In this review we summarize the findings of a two-phase study of the prevalence, symptomatology, and etiology of multiple chemical sensitivities (MCS). We also explore possible triggers, the potential linkage between MCS and other disorders, and the lifestyle alterations produced by MCS. The first phase of the study consisted of a random sampling of 1,582 individuals from the Atlanta, Georgia, metropolitan area to determine the reported prevalence of a hypersensitivity to common chemicals. In this phase, 12.6% of the sample reported a hypersensitivity. Further questioning of individuals with a hypersensitivity indicated that 13.5% (1.8% of the entire sample) reported losing their jobs because of their hypersensitivity. The second phase was a follow-up questioning of the respondents who initially reported hypersensitivity. In this phase, we found that individuals with hypersensitivity experience a variety of symptoms and triggers. A significant percentage (27.5%) reported that their hypersensitivity was initiated by an exposure to pesticides, whereas an equal percentage (27.5%) attributed it to solvents. Only 1.4% had a history of prior emotional problems, but 37.7% developed these problems after the physical symptoms emerged. This suggests that MCS has a physiologic and not a psychologic etiology.

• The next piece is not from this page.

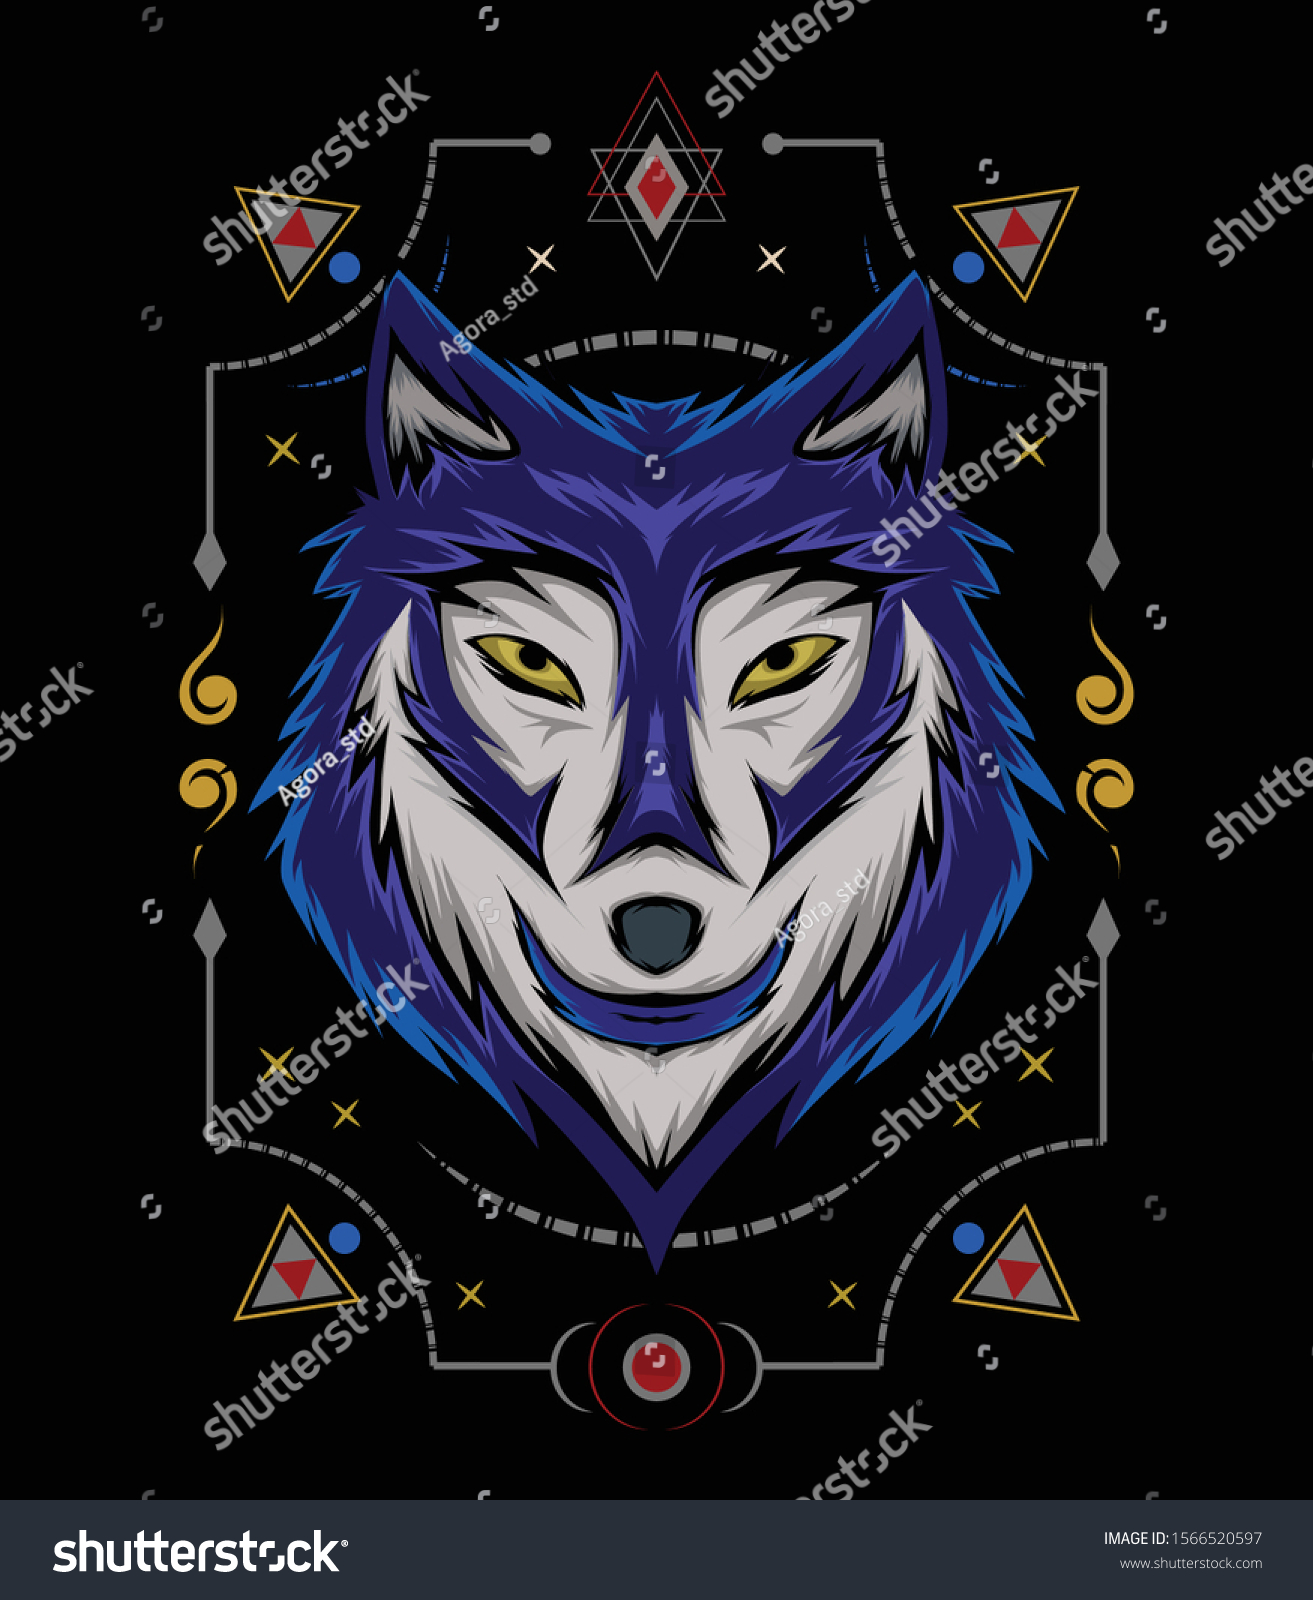 オオカミの顔のベクター画像デザイン ウルフのマスコットベクター画像 オオカミの正面対称画像 頭狼のイラスト のベクター画像素材 ロイヤリティフリー

Saito et al. 2005. Psychosomatic Medicine 67:318-325 (2005). The full report of this study is also available online in pdf format.

Objective: This study was conducted to confirm the definition of multiple chemical sensitivity (MCS) in actual life: that multiple symptoms are provoked in multiple organs by exposure to, and ameliorated by avoidance of, multiple chemicals at low levels. We used the Ecological Momentary Assessment to monitor everyday symptoms and the active sampling and passive sampling methods to measure environmental chemical exposure ... Conclusions: MCS patients do not have either somatic or psychologic symptoms under chemical-free conditions, and symptoms may be provoked only when exposed to chemicals.